Complaints are made of the general inefficiency of everything under the sun: hence, furnaces and other heating apparatus come in for their share. An architect is sometimes asked how he would heat a certain building. He answers, " Hot water, steam, or furnace." — "Oh, I wouldn't have steam. My uncle had a steam plant in his house, and they nearly froze to death all last winter; and they burned over a ton of coal a week." The same things are said, and truly, of every kind of heating apparatus made, when we consider them in general classes. General complaints of a similar nature are made of everything. In regard to the steam plant or hot-water apparatus, or anything else of which this thing may have been said, one may first acknowledge its truthfulness, and then consider what it all means. Something is at fault. It may be that the whole design of the apparatus is faulty. The design may be right, and the construction bad. Everything else may be right, but the apparatus too small; or there may be some little defect which has to do with the placing of the apparatus in the house. Sometimes, when everything is in good form, the apparatus does not receive proper attention: hence trouble.

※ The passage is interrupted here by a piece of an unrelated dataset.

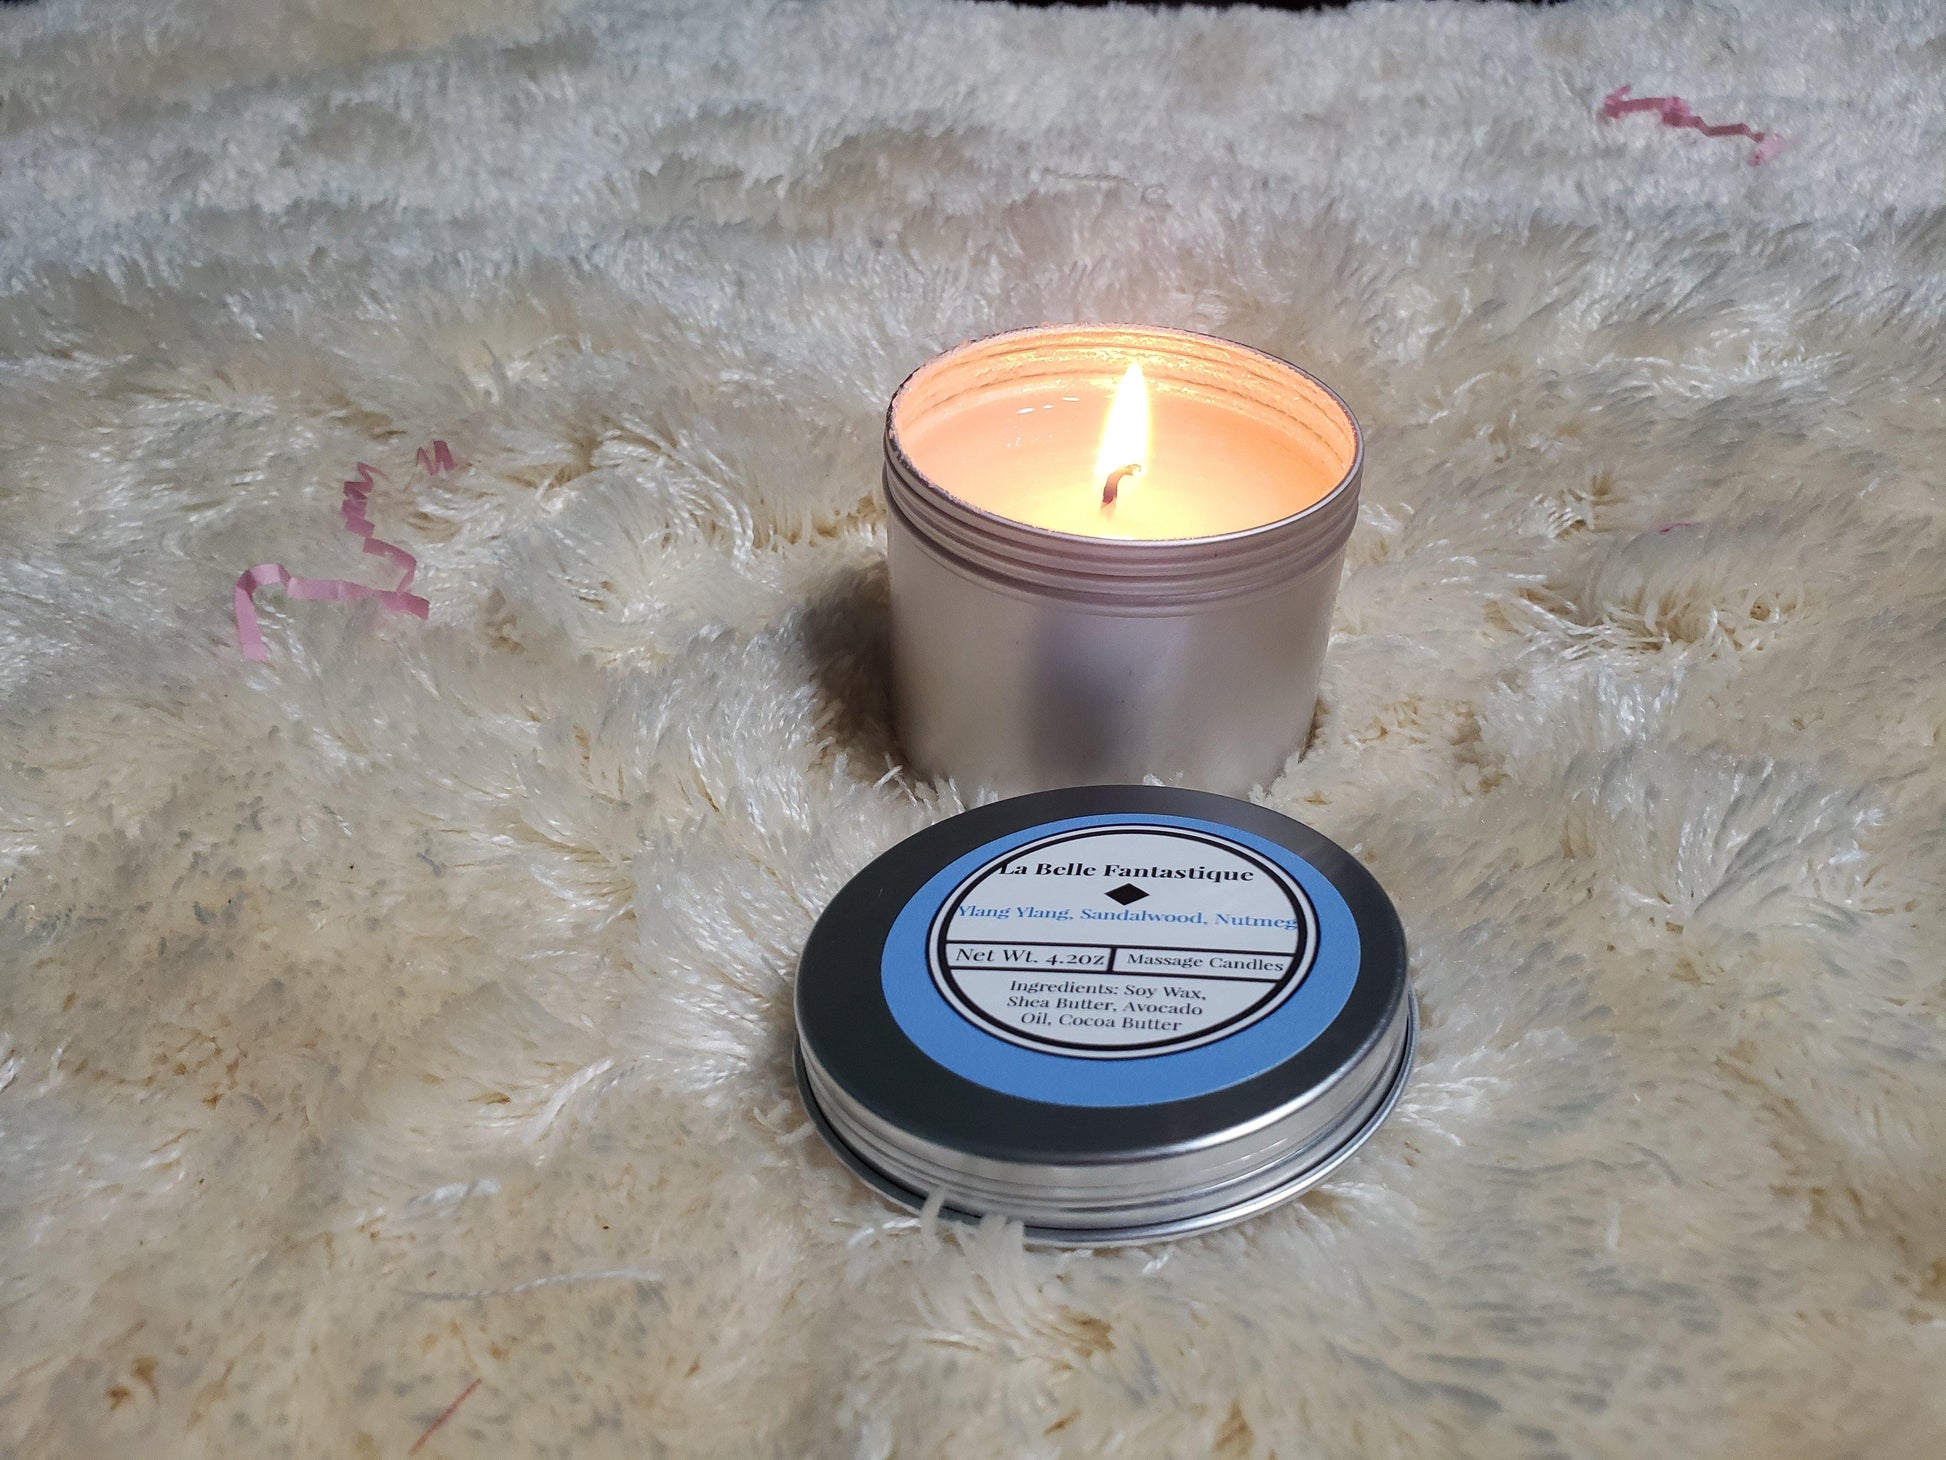 La Belle Fantastique Massage Body Candle that melts into warm, Relaxing, Natural Massage Oil - La Belle Fantastique

It may be asked how one is to get a good heating apparatus for a dwelling-house. The first thing to be determined is, the particular kind to be used: whether hot-water, steam, or hot-air furnace. There are many manufacturers of the various apparatus, who are regularly in the business. To these may be submitted plans of the building, and a request for estimates and suggestions. It is the experience of an architect that one who is putting money regularly in the manufacture or production of anything will not waste his energies for a great length of time on a bad thing, if he knows it. The evidence that an establishment has been putting up good furnaces or other heating apparatus is long-continued business success. If the owner of a house writes to an old-established, wealthy concern, and sends his plans, he is as certain to get a reliable proposition as he can be of anything. A local agent of an establishment of this kind may misrepresent, unintentionally or otherwise. The surest way is to go to headquarters. The local agent does not always know exactly what should be done. A competent architect can settle all these matters for an owner. However, if an architect says there are only one or Avo furnaces or heating apparatus which are all right, he is either ignorant or dishonest. There are many different kinds which will give fair satisfaction.
The idea in this chapter is to take things as we find them, and suggest what may be done. The theories outlined in the previous chapter may be correct, but they do not amount to anything to a man who is building to-day. The only purpose of this chapter is to suggest to those who are building that they go to a first-class house, pay a fair price, and get the best possible apparatus regularly in the market.